Kamlesh Gurudasani <[email protected]> writes:
...
> Hi Eric, thanks for your detailed and valuable inputs.
>
> As per your suggestion, we did some profiling.
>
> Use case is to calculate crc32/crc64 for file input from user space.
>
> Instead of directly implementing PMULL based CRC64, we made first comparison between
> Case 1.
> CRC32 (splice() + kernel space SW driver)
> https://gist.github.com/ti-kamlesh/5be75dbde292e122135ddf795fad9f21
>
> Case 2.
> CRC32(mmap() + userspace armv8 crc32 instruction implementation)
> (tried read() as well to get contents of file, but that lost to mmap() so not mentioning number here)
> https://gist.github.com/ti-kamlesh/002df094dd522422c6cb62069e15c40d
>
> Case 3.
> CRC64 (splice() + MCRC64 HW)
> https://gist.github.com/ti-kamlesh/98b1fc36c9a7c3defcc2dced4136b8a0
>
>
> Overall, overhead of userspace + af_alg + driver in (Case 1) and
> ( Case 3) is ~0.025s, which is constant for any file size.

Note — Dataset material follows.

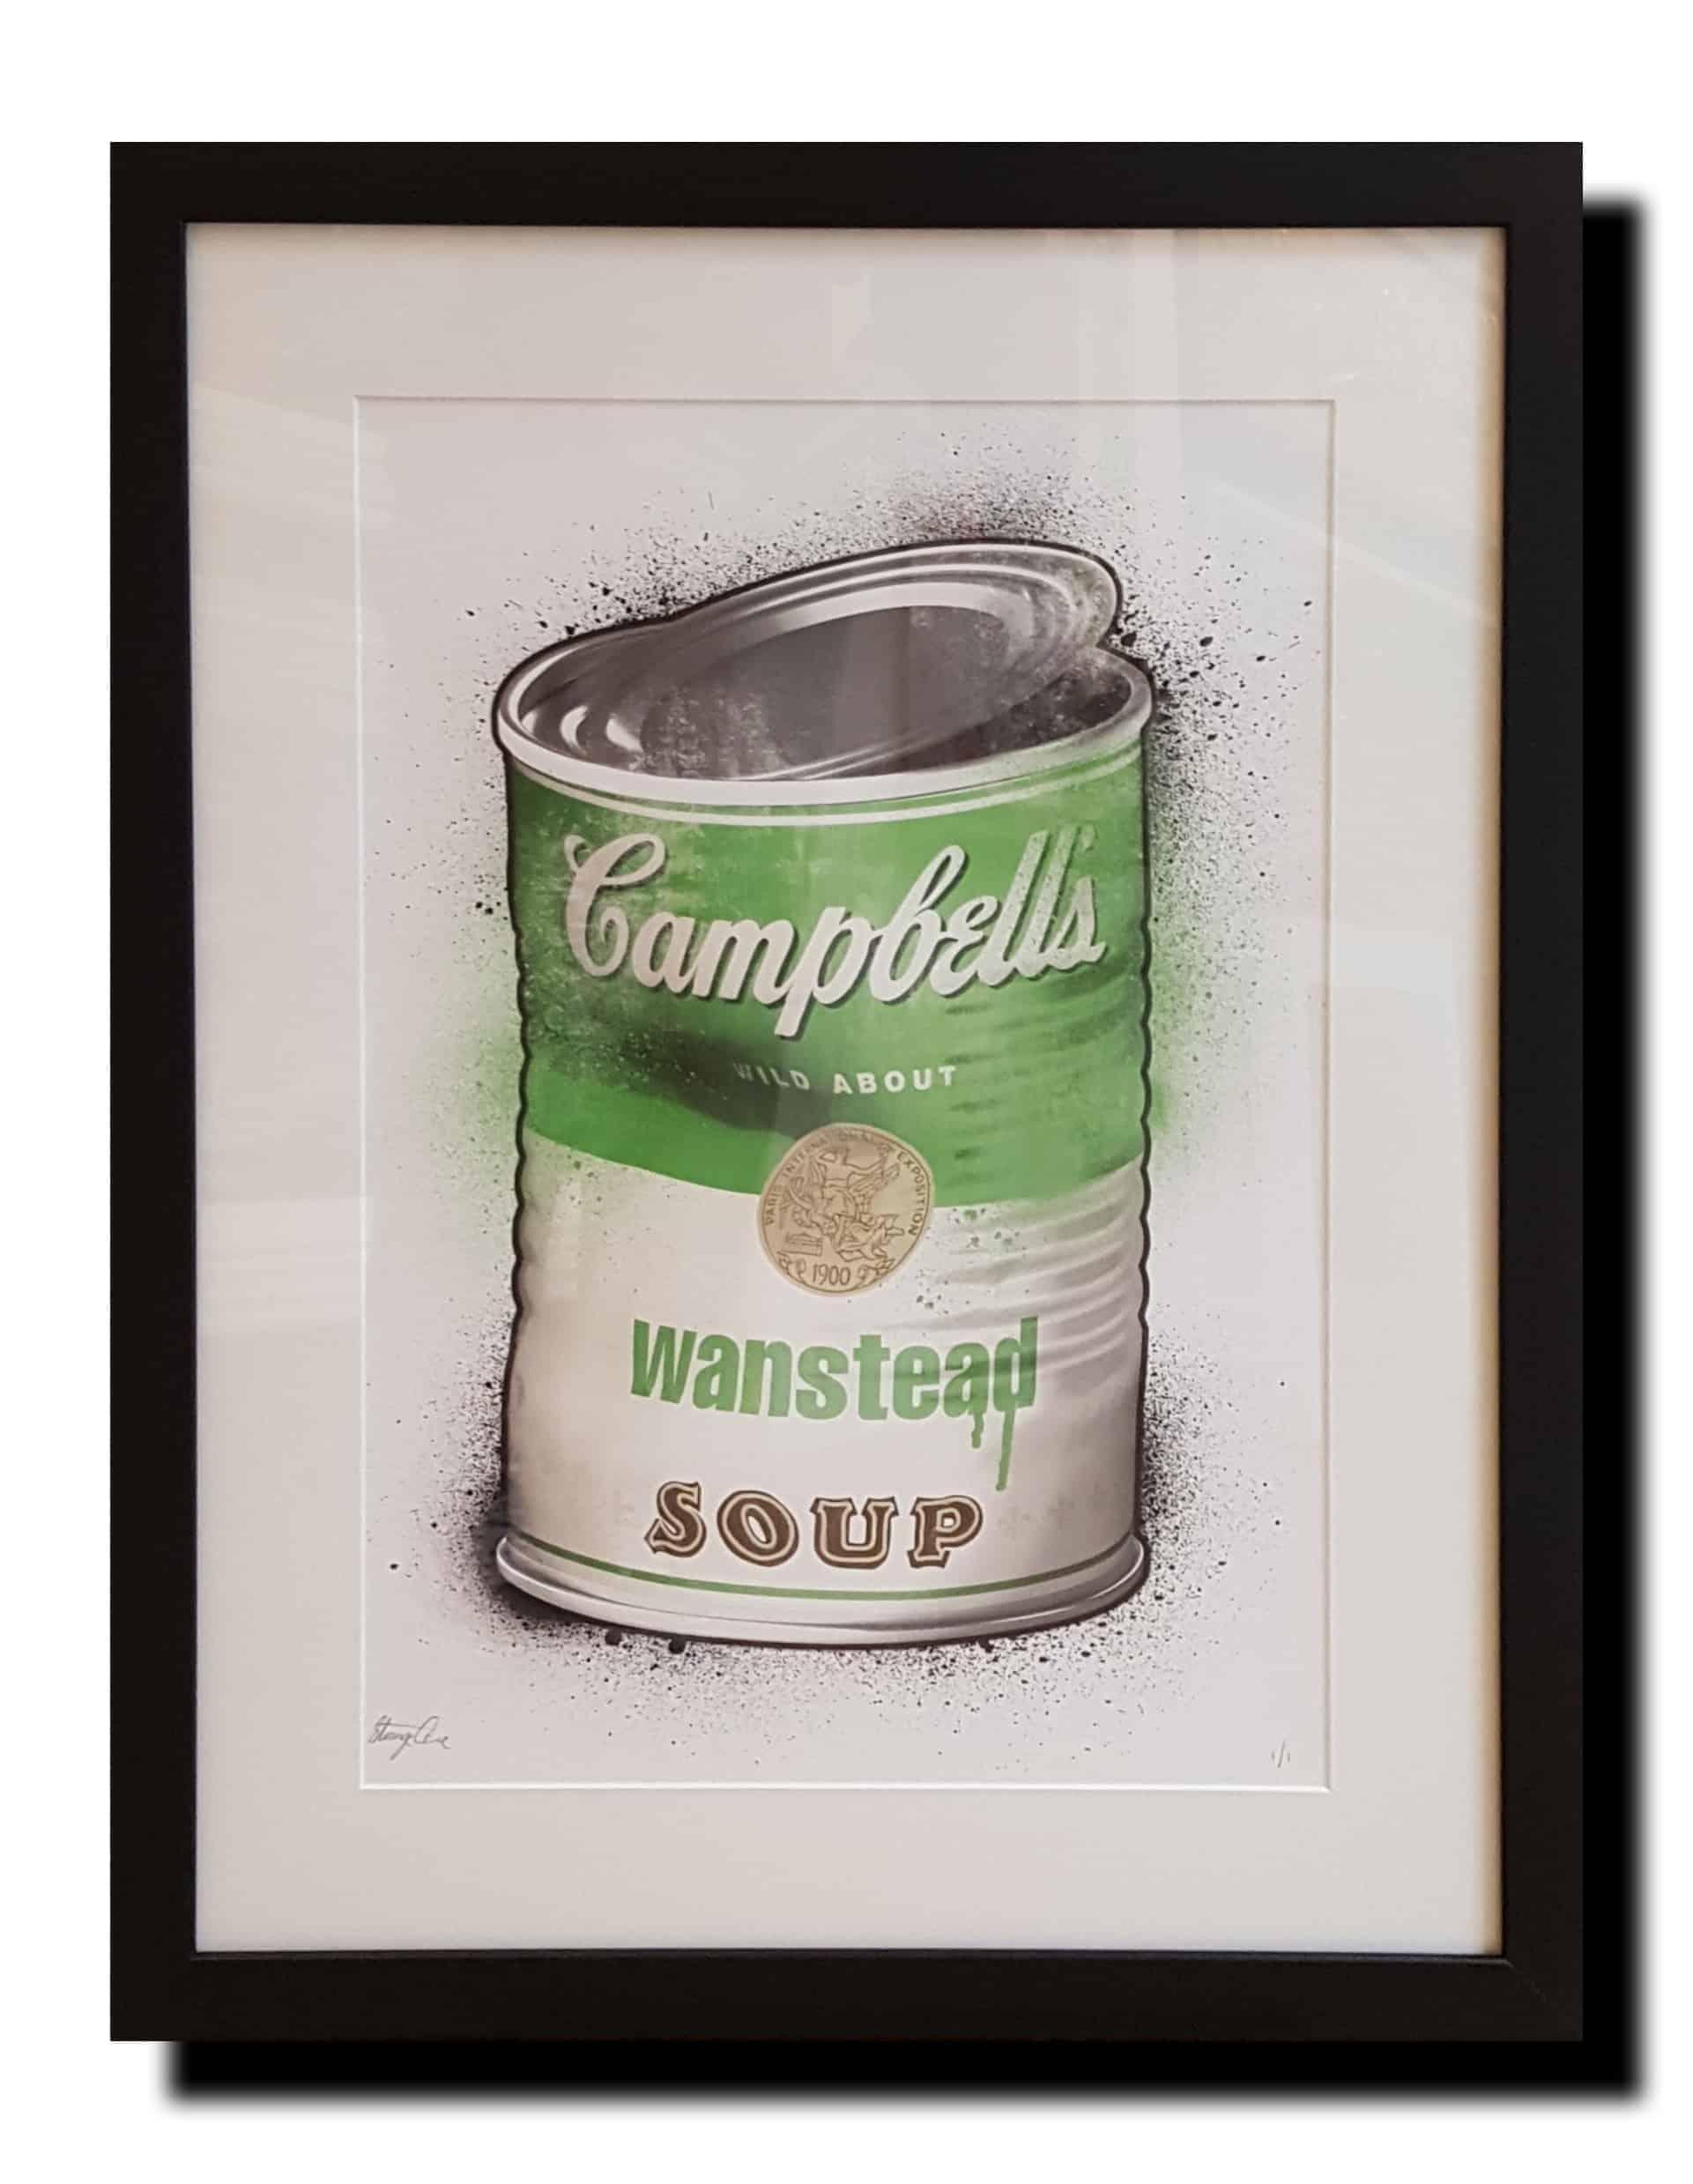 wanstead soup framed

> This is calculated using real time to calculate crc -
> driver time (time spend inside init() + update() +final()) = overhead ~0.025s
>
>
>
> +-------------------+-----------------------------+-----------------------+------------------------+------------------------+
> | | | | | |
> | File size | 120mb(ideal size for us) | 20mb | 15mb | 5mb |
> +===================+=============================+=======================+========================+========================+
> | | | | | |
> | CRC32 (Case 1) | Driver time 0.155s | Driver time 0.0325s | Driver time 0.019s | Driver time 0.0062s |
> | | real time 0.18s | real time 0.06s | real time 0.04s | real time 0.03s |
> | | overhead 0.025s | overhead 0.025s | overhead 0.021s | overhead ~0.023s |
> +-------------------+-----------------------------+-----------------------+------------------------+------------------------+
> | | | | | |
> | CRC32 (Case 2) | Real time 0.30s | Real time 0.05s | Real time 0.04s | Real time 0.02s |
> +-------------------+-----------------------------+-----------------------+------------------------+------------------------+
> | | | | | |
> | CRC64 (Case 3) | Driver time 0.385s | Driver time 0.0665s | Driver time 0.0515s | Driver time 0.019s |
> | | real time 0.41s | real time 0.09s | real time 0.08s | real time 0.04s |
> | | overhead 0.025s | overhead 0.025s | overhead ~0.025s | overhead ~0.021s |
> +-------------------+-----------------------------+-----------------------+------------------------+------------------------+
>
> Here, if we consider similar numbers for crc64 PMULL implementation as
> crc32 (case 2) , we save good number of cpu cycles using mcrc64
> in case of files bigger than 5-10mb as most of the time is being spent in HW offload.
>
> Regards,
> Kamlesh
Hi Eric,
Please let me know if above numbers make sense to you and I should send
next revision.
Regards,
Kamlesh
Kamlesh Gurudasani <[email protected]> writes:
>>
>> Here, if we consider similar numbers for crc64 PMULL implementation as
>> crc32 (case 2) , we save good number of cpu cycles using mcrc64
>> in case of files bigger than 5-10mb as most of the time is being spent in HW offload.
>>
>> Regards,
>> Kamlesh
>
> Hi Eric,
>
> Please let me know if above numbers make sense to you and I should send
> next revision.
Hi Eric,
I understand that there is no in-kernel user for crc64-iso3309 and this
is new algorithm that we are trying to add in linux kernel.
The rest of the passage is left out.